BEGIN

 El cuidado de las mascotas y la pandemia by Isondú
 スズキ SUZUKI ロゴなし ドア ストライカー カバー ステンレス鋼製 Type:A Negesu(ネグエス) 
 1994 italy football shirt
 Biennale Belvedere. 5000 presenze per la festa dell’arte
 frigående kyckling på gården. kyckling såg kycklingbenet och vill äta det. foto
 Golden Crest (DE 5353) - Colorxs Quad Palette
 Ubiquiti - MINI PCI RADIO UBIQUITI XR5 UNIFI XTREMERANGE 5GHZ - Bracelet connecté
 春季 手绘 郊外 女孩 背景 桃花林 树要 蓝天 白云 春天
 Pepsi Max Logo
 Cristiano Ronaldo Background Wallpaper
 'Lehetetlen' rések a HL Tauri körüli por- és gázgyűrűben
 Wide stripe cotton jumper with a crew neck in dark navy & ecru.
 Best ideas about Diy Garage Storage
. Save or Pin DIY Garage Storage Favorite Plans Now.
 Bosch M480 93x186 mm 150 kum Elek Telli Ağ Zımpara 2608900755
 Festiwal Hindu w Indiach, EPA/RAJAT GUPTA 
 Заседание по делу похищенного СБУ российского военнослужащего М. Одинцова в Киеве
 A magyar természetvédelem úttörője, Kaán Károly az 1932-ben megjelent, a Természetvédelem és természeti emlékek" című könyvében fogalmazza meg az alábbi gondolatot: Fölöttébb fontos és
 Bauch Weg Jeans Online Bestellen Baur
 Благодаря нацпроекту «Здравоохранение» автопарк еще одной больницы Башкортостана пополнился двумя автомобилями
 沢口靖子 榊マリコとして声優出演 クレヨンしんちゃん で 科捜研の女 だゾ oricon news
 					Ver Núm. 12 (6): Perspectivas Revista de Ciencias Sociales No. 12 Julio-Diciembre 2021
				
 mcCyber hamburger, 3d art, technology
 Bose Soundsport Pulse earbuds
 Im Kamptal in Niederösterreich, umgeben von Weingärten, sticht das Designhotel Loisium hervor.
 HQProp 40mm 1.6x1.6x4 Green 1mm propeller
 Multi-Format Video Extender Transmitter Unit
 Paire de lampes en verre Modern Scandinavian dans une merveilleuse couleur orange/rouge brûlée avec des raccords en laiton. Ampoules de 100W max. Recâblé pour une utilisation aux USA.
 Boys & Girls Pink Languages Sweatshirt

END

# Goal of the exercise
An exact copy of the listing is the goal. Transcribe it in full.

# Task answer
 El cuidado de las mascotas y la pandemia by Isondú
 スズキ SUZUKI ロゴなし ドア ストライカー カバー ステンレス鋼製 Type:A Negesu(ネグエス) 
 1994 italy football shirt
 Biennale Belvedere. 5000 presenze per la festa dell’arte
 frigående kyckling på gården. kyckling såg kycklingbenet och vill äta det. foto
 Golden Crest (DE 5353) - Colorxs Quad Palette
 Ubiquiti - MINI PCI RADIO UBIQUITI XR5 UNIFI XTREMERANGE 5GHZ - Bracelet connecté
 春季 手绘 郊外 女孩 背景 桃花林 树要 蓝天 白云 春天
 Pepsi Max Logo
 Cristiano Ronaldo Background Wallpaper
 'Lehetetlen' rések a HL Tauri körüli por- és gázgyűrűben
 Wide stripe cotton jumper with a crew neck in dark navy & ecru.
 Best ideas about Diy Garage Storage
. Save or Pin DIY Garage Storage Favorite Plans Now.
 Bosch M480 93x186 mm 150 kum Elek Telli Ağ Zımpara 2608900755
 Festiwal Hindu w Indiach, EPA/RAJAT GUPTA 
 Заседание по делу похищенного СБУ российского военнослужащего М. Одинцова в Киеве
 A magyar természetvédelem úttörője, Kaán Károly az 1932-ben megjelent, a Természetvédelem és természeti emlékek" című könyvében fogalmazza meg az alábbi gondolatot: Fölöttébb fontos és
 Bauch Weg Jeans Online Bestellen Baur
 Благодаря нацпроекту «Здравоохранение» автопарк еще одной больницы Башкортостана пополнился двумя автомобилями
 沢口靖子 榊マリコとして声優出演 クレヨンしんちゃん で 科捜研の女 だゾ oricon news
 					Ver Núm. 12 (6): Perspectivas Revista de Ciencias Sociales No. 12 Julio-Diciembre 2021
				
 mcCyber hamburger, 3d art, technology
 Bose Soundsport Pulse earbuds
 Im Kamptal in Niederösterreich, umgeben von Weingärten, sticht das Designhotel Loisium hervor.
 HQProp 40mm 1.6x1.6x4 Green 1mm propeller
 Multi-Format Video Extender Transmitter Unit
 Paire de lampes en verre Modern Scandinavian dans une merveilleuse couleur orange/rouge brûlée avec des raccords en laiton. Ampoules de 100W max. Recâblé pour une utilisation aux USA.
 Boys & Girls Pink Languages Sweatshirt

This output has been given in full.